* Supplied data *
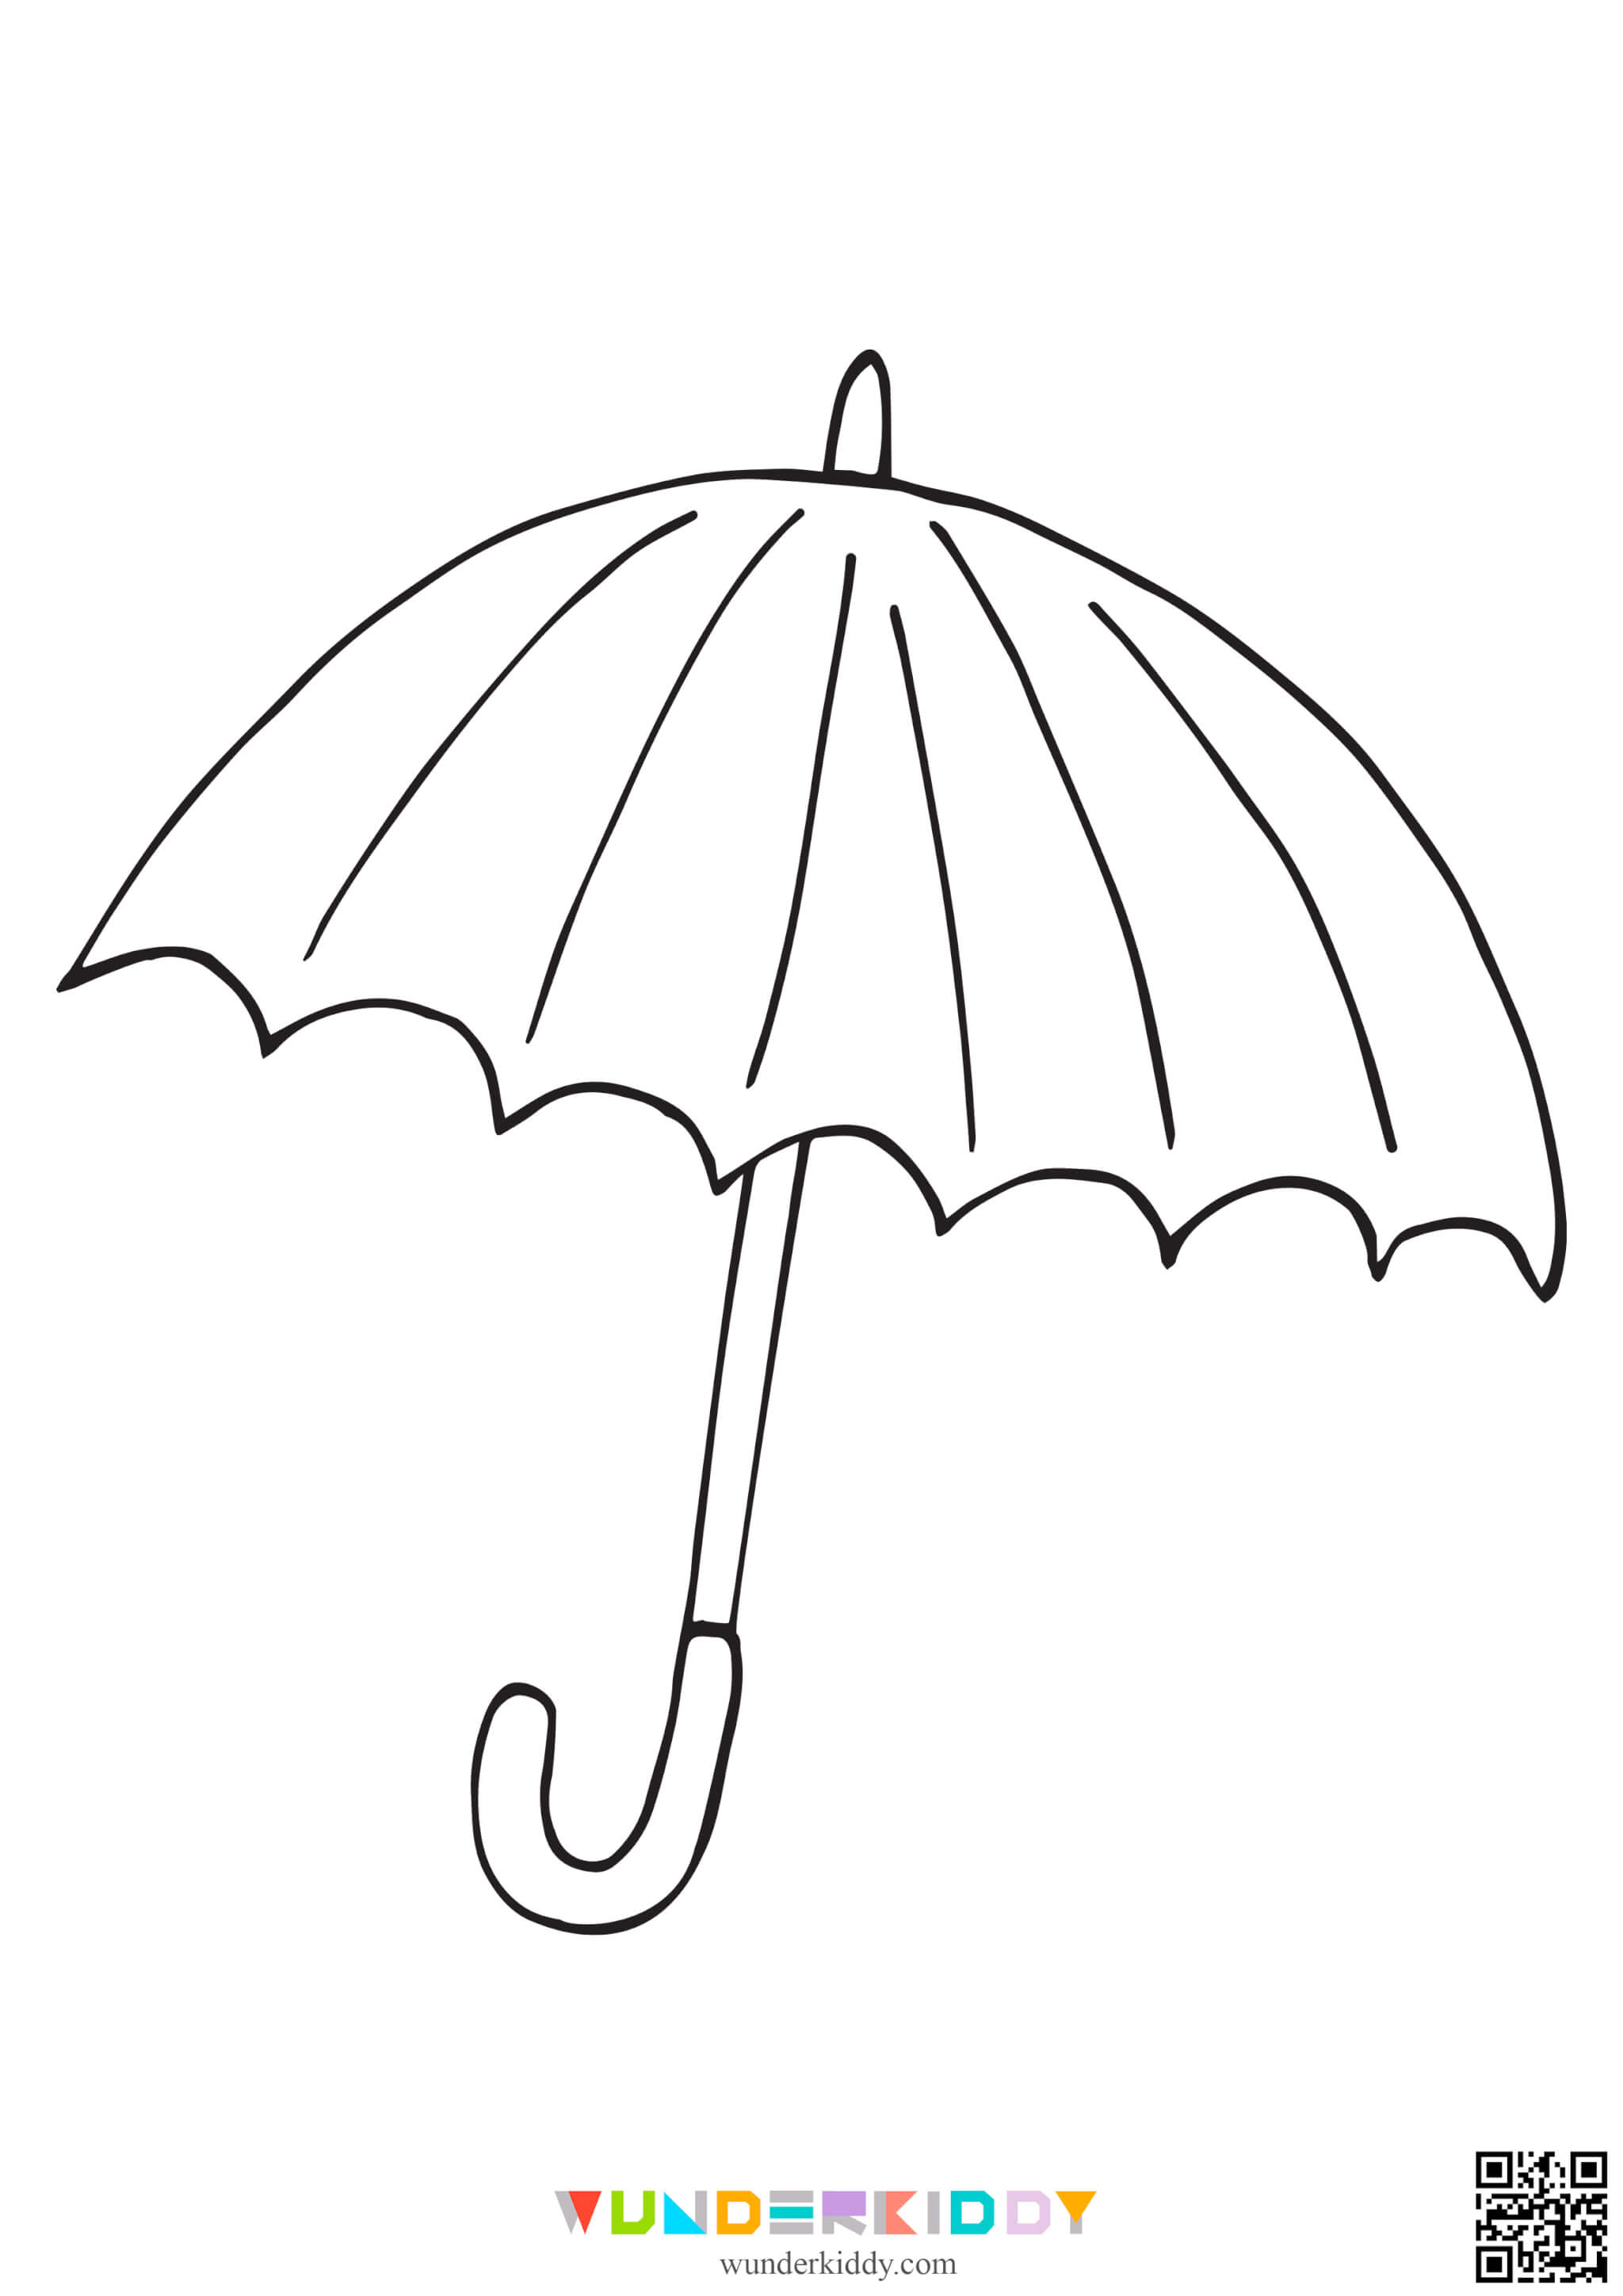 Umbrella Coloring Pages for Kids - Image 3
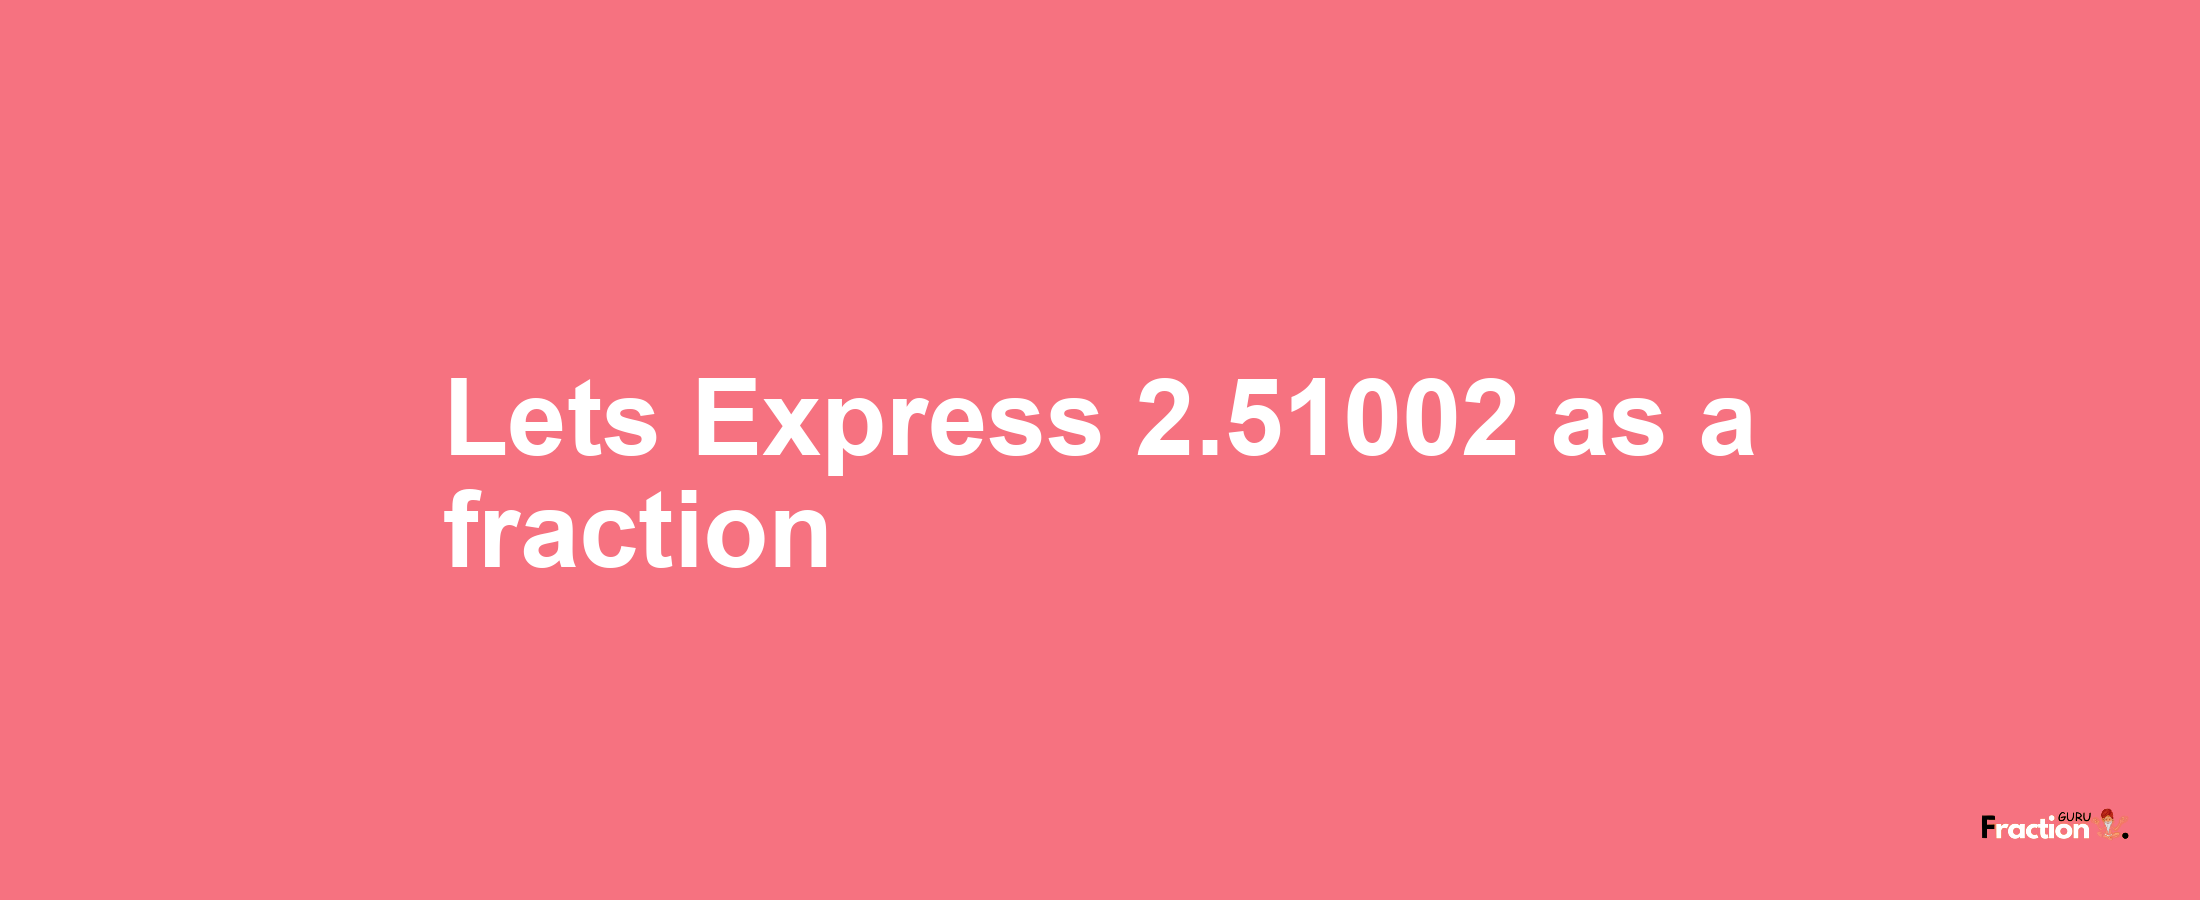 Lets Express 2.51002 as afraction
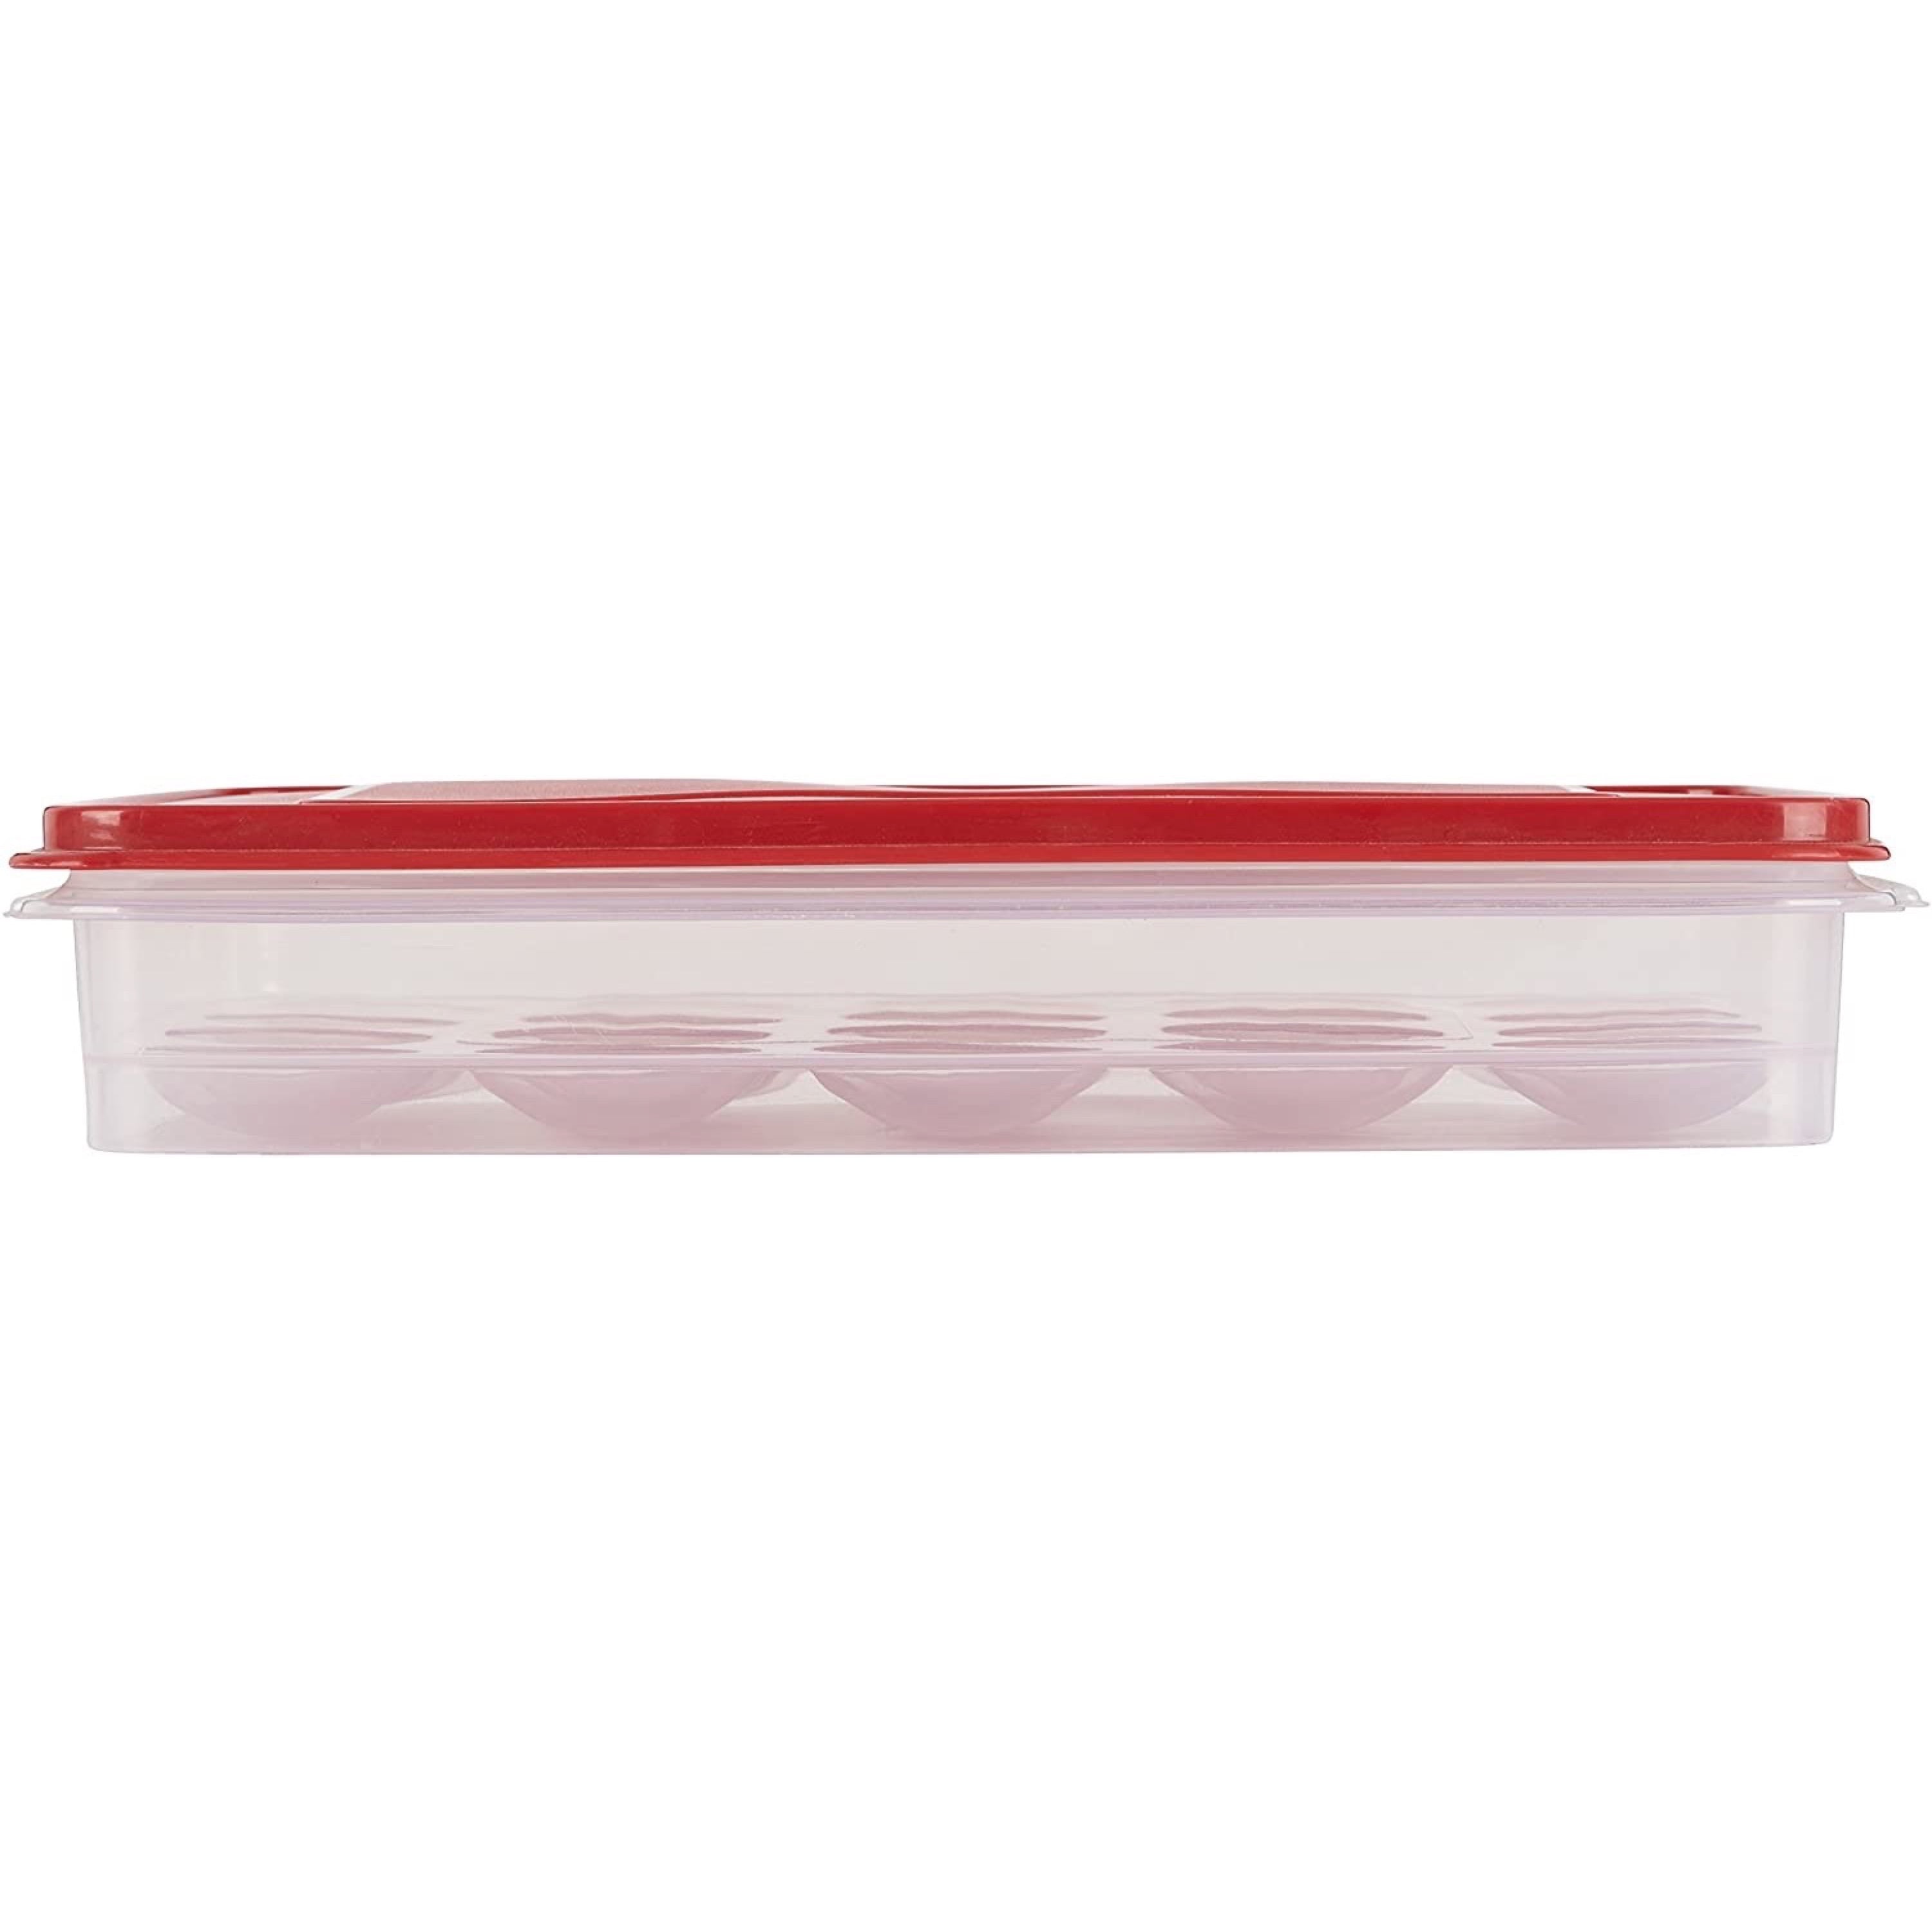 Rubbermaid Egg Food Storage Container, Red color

* Work task *
Your answer must reproduce exactly the lines from the line with "Lets Express 2.51002 as afraction" through the end of the material, both ends included, with every picture dropped.

* Answer box *
 Lets Express 2.51002 as afraction
 Rubbermaid Egg Food Storage Container, Red color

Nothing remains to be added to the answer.